Most of the numpy.fft APIs (numpy.fft.<function_name>) are available in Kokkos-FFT (KokkosFFT::<function_name>) on the Kokkos device. In fact, these are the only APIs available in Kokkos-FFT (see API reference for detail). Kokkos-FFT support 1D to 3D FFT over chosen axes. Inside FFT APIs, we first create a FFT plan for a backend FFT library based on the Views and chosen axes. Then, we execute the FFT using the created plan on the given Views. Then, we may perform normalization based on the users’ choice. Finally, we destroy the plan. Depending on the View Layout and chosen axes, we may need transpose operations to make data contiguous. In that case, we perform the transpose operations internally which impose overheads in both memory and computations.

Note

KokkosFFT::Impl namespace represents implementation details and should not be accessed by users.

Basic Instruction

We have Standard and Real FFTs as APIs. Standard FFTs can be used for complex to complex transform, whereas Real FFTs perform real to complex transform. As well as numpy.fft, numbers after fft represents the dimension of FFT. For example, KokkosFFT::fft2 performs 2D (potentially batched) FFT in forward direction. If the rank of Views is higher than the dimension of FFT, a batched FFT plan is created. APIs start from i represent inverse transforms. For Real FFTs, users have to pay attention to the input and output data types as well as their extents. Inconsistent data types are suppressed by compilation errors. If extents are inconsistent, it will raise runtime errors (C++ std::runtime_error). The following listing shows good and bad examples of Real FFTs.

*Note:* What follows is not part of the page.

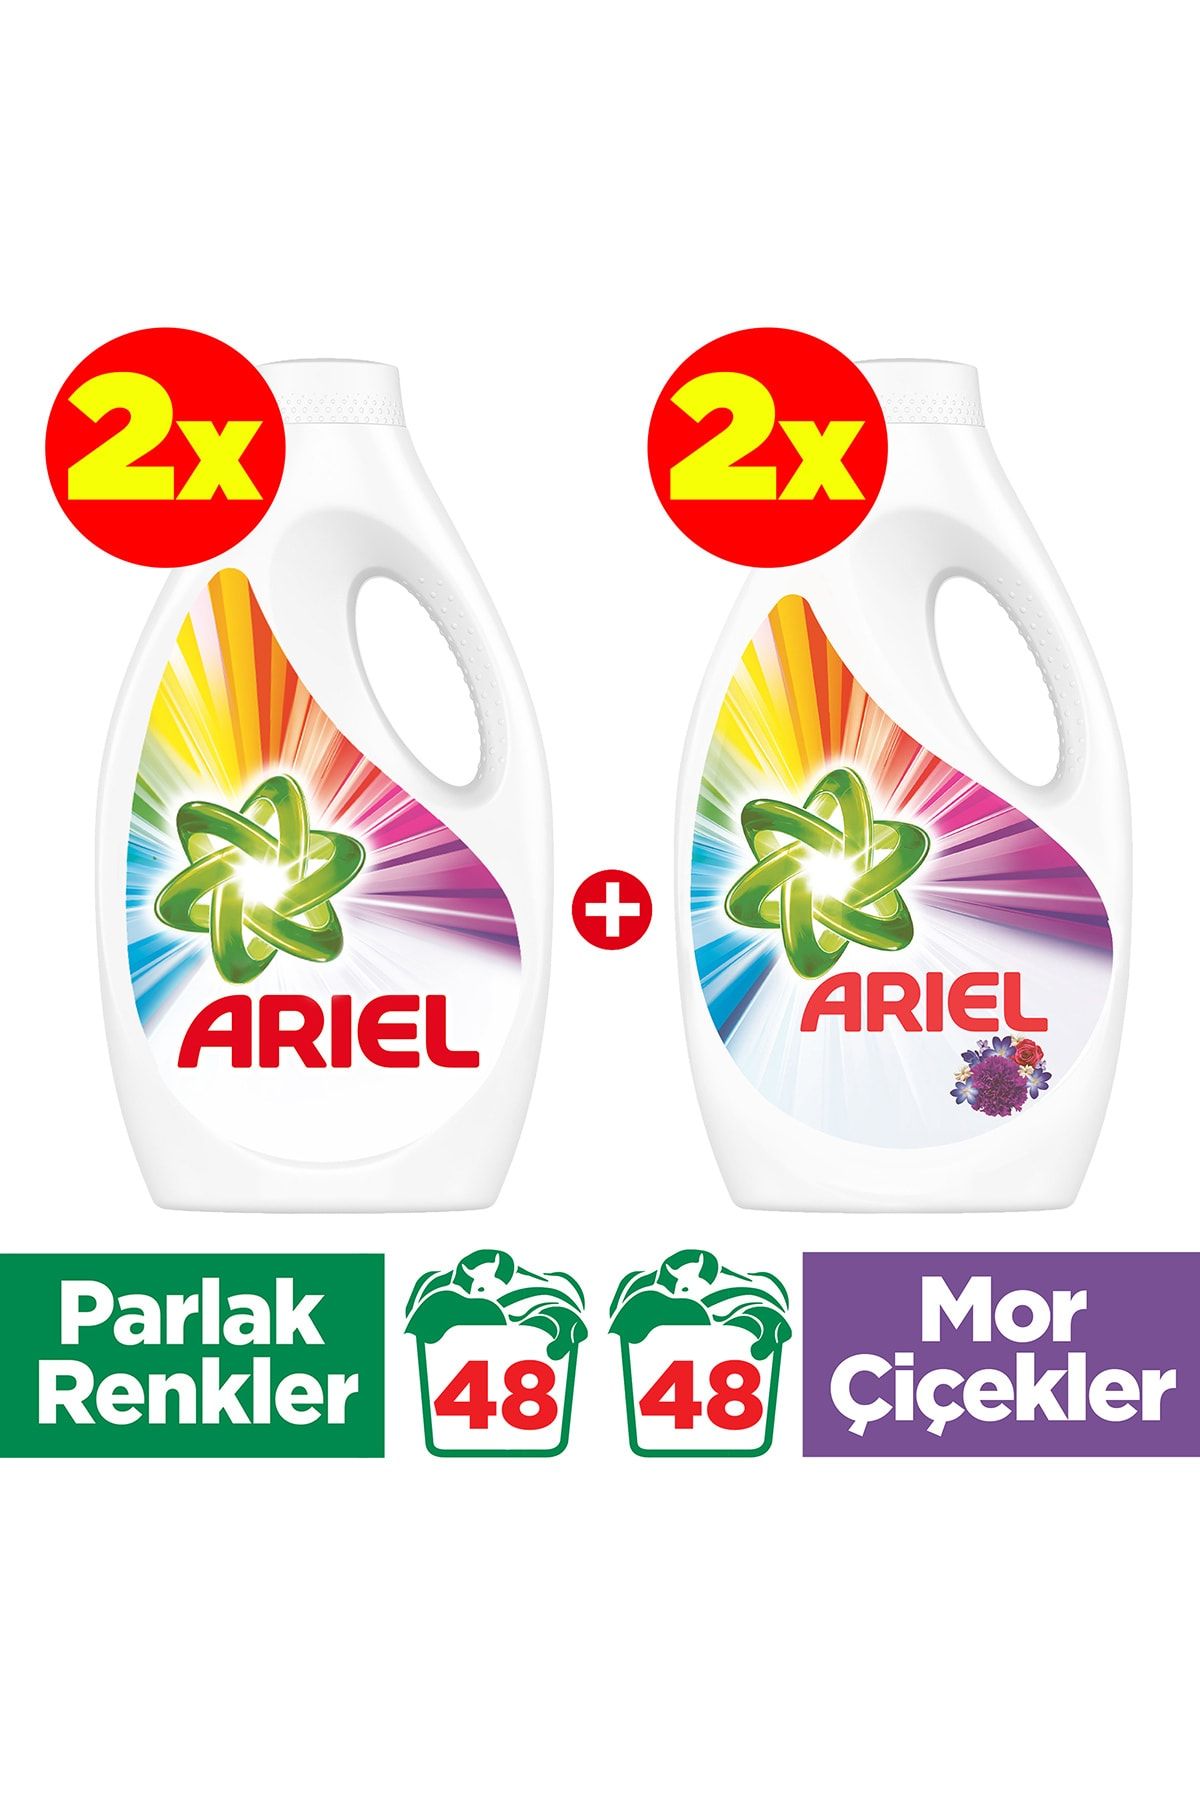 Ariel Sıvı Çamaşır Deterjanı 2 x Parlak Renkler 24 Yıkama + 2 x Mor Çiçekler 24 Yıkama 4'lü Paket

template <typename T> using View2D = Kokkos::View<T**, Kokkos::LayoutLeft, execution_space>;
const int n0 = 4, n1 = 8;

View2D<double> x("x", n0, n1);
View2D<Kokkos::complex<double> > x_hat_good("x_hat_good", n0, n1/2+1);
View2D<Kokkos::complex<double> > x_hat_bad("x_hat_bad", n0, n1);

// [OK] Correct types and extents
KokkosFFT::rfft2(execution_space(), x, x_hat_good);

// [NG, Compile time error] Inconsistent types
// Input: double (NG) -> complex<double> (OK)
// Output: complex<double> (NG) -> double (OK)
//KokkosFFT::irfft2(execution_space(), x, x_hat_good);
// [OK] Correct types and extents
KokkosFFT::irfft2(execution_space(), x_hat_good, x);

// [NG, Run time error] Inconsistent extents
// Output: (n0, n1) (NG) -> (n0, n1/2+1) (OK)
KokkosFFT::rfft2(execution_space(), x, x_hat_bad);

Note

Input and output views must have the same precision (either float or double).

Supported data types

Firstly, the input and output Views must have the same LayoutType and rank. For the moment, we accept Kokkos Views with some restriction in data types and Layout. Here are the list of available types for Views. We recommend to use dynamic allocation for Views, since we have not tested with static shaped Views. In addition, we have not tested with non-default Memory Traits.

  • DataType: float, double, Kokkos::complex<float>, Kokkos::complex<double>

  • LayoutType: Kokkos::LayoutLeft, Kokkos::LayoutRight

  • MemorySpace: Kokkos::DefaultExecutionSpace::memory_space, Kokkos::DefaultHostExecutionSpace::memory_space (available if targeting CPU or KokkosFFT_ENABLE_FFTW is enabled.)

Note

For the moment, Kokkos::LayoutStride is not allowed. This may be relaxed in the future.

Normalization

After the transform, normalization can be applied by setting the norm argument. We have four options:

  • KokkosFFT::Normalization::forward: \(1/n\) scaling for forward transform

  • KokkosFFT::Normalization::backward: \(1/n\) scaling for backward transform (default)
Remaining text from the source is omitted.